Easy-to-use graphical user interface

Models and states to predict simulated patient responses

Automated help system

Automated debriefing and scoring

Automated case record

Case library

Learning management system compatibility

Screen-based simulators must be developed around a simulation “engine” that governs how the simulated patient responds to the operator’s interventions during the case. The engine consists of mathematical models of pharmacology as well as cardiovascular and respiratory physiology. The pharmacokinetic model predicts blood and tissue levels as well as elimination for any drug administered to the simulated patient. The pharmacodynamic model predicts the effects of any drug on heart rate, cardiac contractility, vascular resistance, baroreceptor response, respiratory drive, and other physiologic parameters. The cardiovascular model predicts changes in cardiac output and blood pressure in response to these effects, and the respiratory model predicts subsequent alterations in gas exchange which are reflected in the simulated patient’s blood gas. Thus, the individual models interact with one another to emulate and portray complex human pathophysiology. What appears to the operator as a dynamic yet coherent case scenario is actually modeled using a finite number of states. The case author designs a set of states, each of which describes the physiologic condition of the patient at various points as the simulation unfolds. Each state moves to the next if a set of predetermined transition conditions are met. The physiologic status of the simulated patient, as represented in the simulator as vital sign changes, laboratory values, and other cues, is constantly updated by the combination of model predictions and transitions between states. Discussion of how a finite state machine interacts dynamically with mathematical models to depict a realistic clinical scenario is available in Schwid and O’Donnell’s 1992 description of a malignant hyperthermia simulator [10].
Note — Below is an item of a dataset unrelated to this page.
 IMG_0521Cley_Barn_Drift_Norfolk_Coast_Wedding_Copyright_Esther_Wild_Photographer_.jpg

Screen-based simulators should also contain a series of embedded feedback devices to provide guidance to the trainee as he or she navigates the case scenario. These include an automated help system which provides real-time information about drug dosing and mechanism of action, as well as on-demand suggestions for the trainee about what he or she should do next for the patient [11]. In addition, these simulators should contain an automated debriefing system that captures all of the management decisions that were made during the case [12]. This system recognizes when the operator has met all the learning objectives for the scenario and issues feedback that the simulation has ended. However, if the patient does not survive in the scenario, the debriefing system issues feedback suggesting the operator practice the case again. In either situation, when the scenario is over, the debriefing system provides a time-stamped record of decisions the operator made while managing the case. In addition, the case record produces a complete log of the user’s management decisions and patient responses [13]. It also indicates where the user gained or lost points during the scenario and issues a score for overall performance.
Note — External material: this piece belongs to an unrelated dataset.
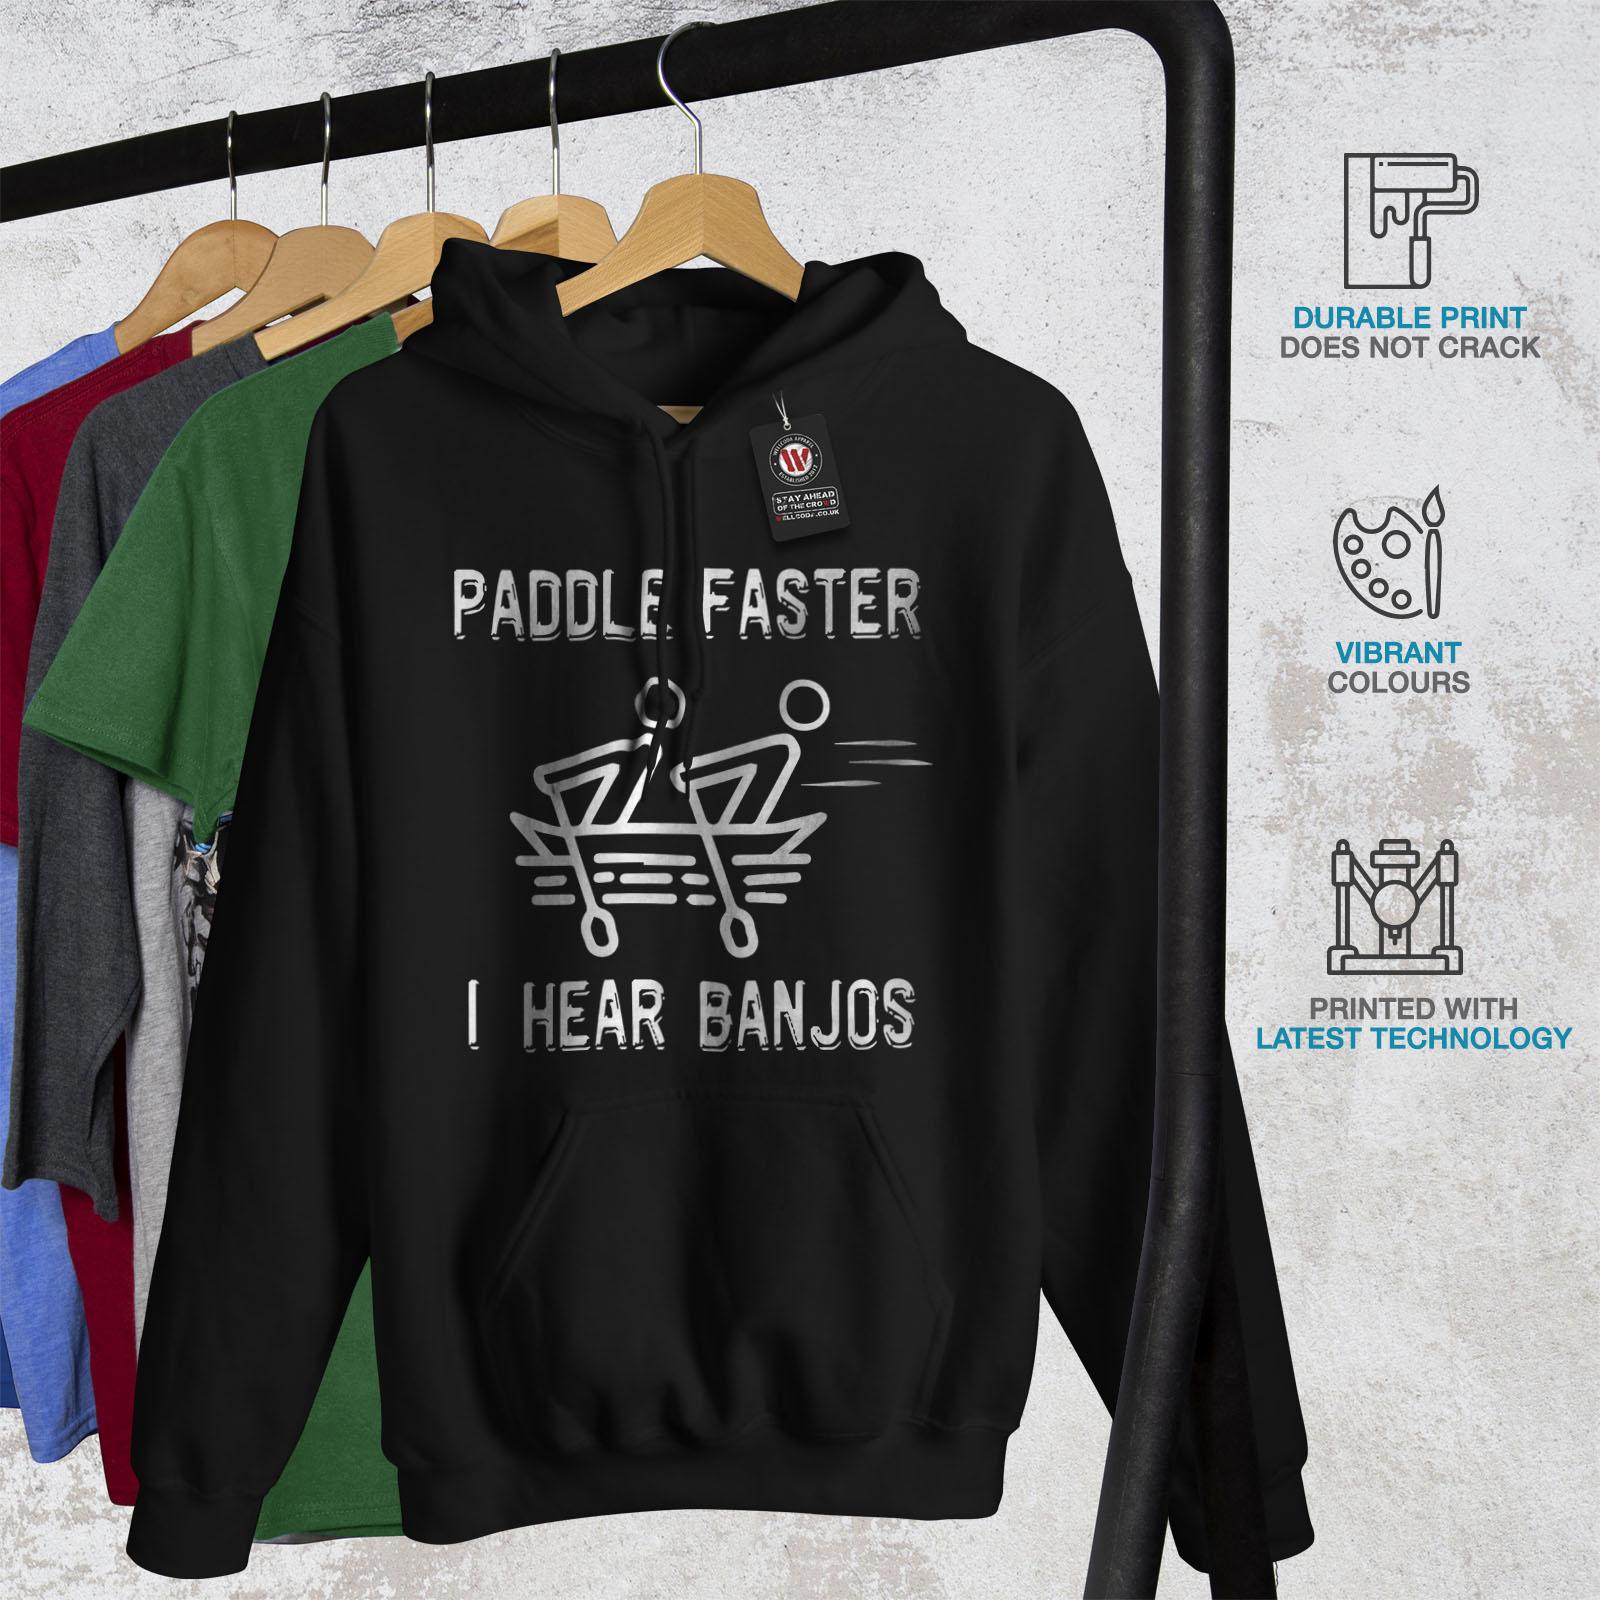 wellcoda Paddle Faster Mens Sweatshirt Hear Banjos Casual Jumper

Ideally, the simulator software package would include a set of pre-written, ready-to-use case scenarios, or a case library [14, 15]. Each simulation case scenario in the library is represented by a data file that is read and interpreted by the simulator program. There are many possible formats for the data file including simple text or XML (extended markup language) [16, 17]. It is desirable for case authors to share their case scenarios with one another in order to facilitate development of a large library of content. At this time, there is no single standard case format, but the Association of American Medical Colleges supports a web-based, accessible format at its medical education content repository, MedEdPORTAL (https://​www.​mededportal.​org/​). See, for example, a case scenario for anaphylaxis which comes complete with learning objectives and debriefing messages [18].
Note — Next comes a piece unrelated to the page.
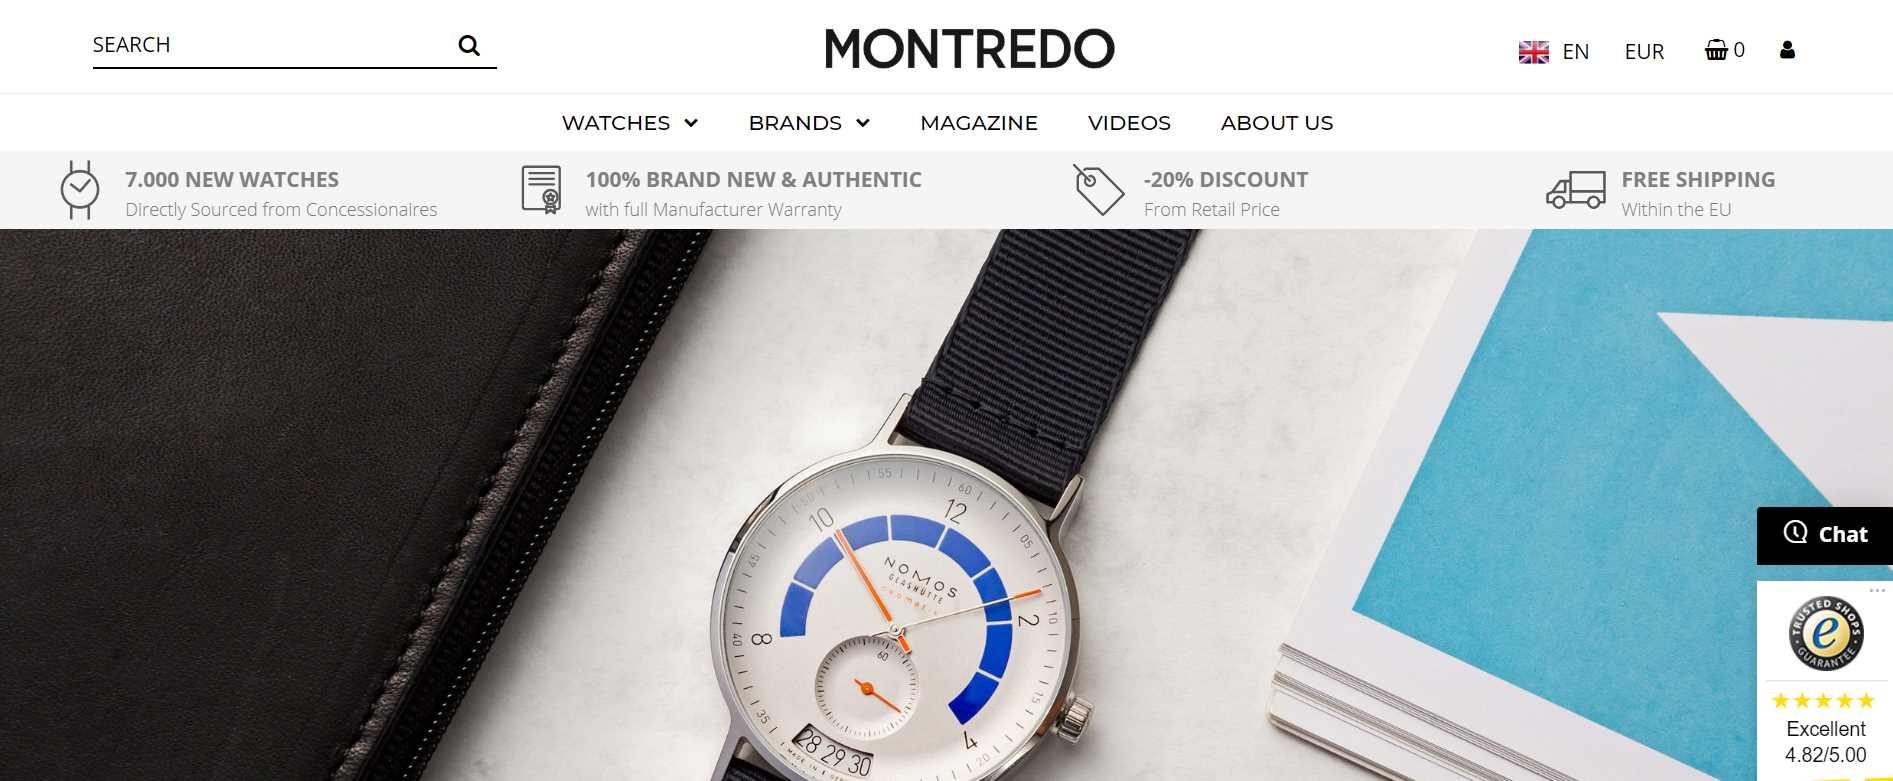 montredo luxury watches online

In recent years, many health-care organizations have adopted ways to centralize and automate the administration of training modules to their clinician workforce. These “learning management systems” (LMS) are software applications capable of importing and managing a variety of e-learning materials, provided the learning modules comply with the system’s specifications for sharable content (e.g., Sharable Content Object Reference Model or “SCORM”). LMS compatibility is rapidly becoming a desirable attribute for screen-based simulators, as they progress from operating as installed applications on individual computer terminals to applications that can operate within web browsers. Integrating screen-based simulation into a learning management system gives administrators the ability to chart health-care professionals’ progress through a diverse library of training cases. As standardized scoring rubrics for screen-based simulations are developed and validated, learning management systems will also be able to securely track specific competencies, as assessed using screen-based simulation rather than traditional multiple-choice testing.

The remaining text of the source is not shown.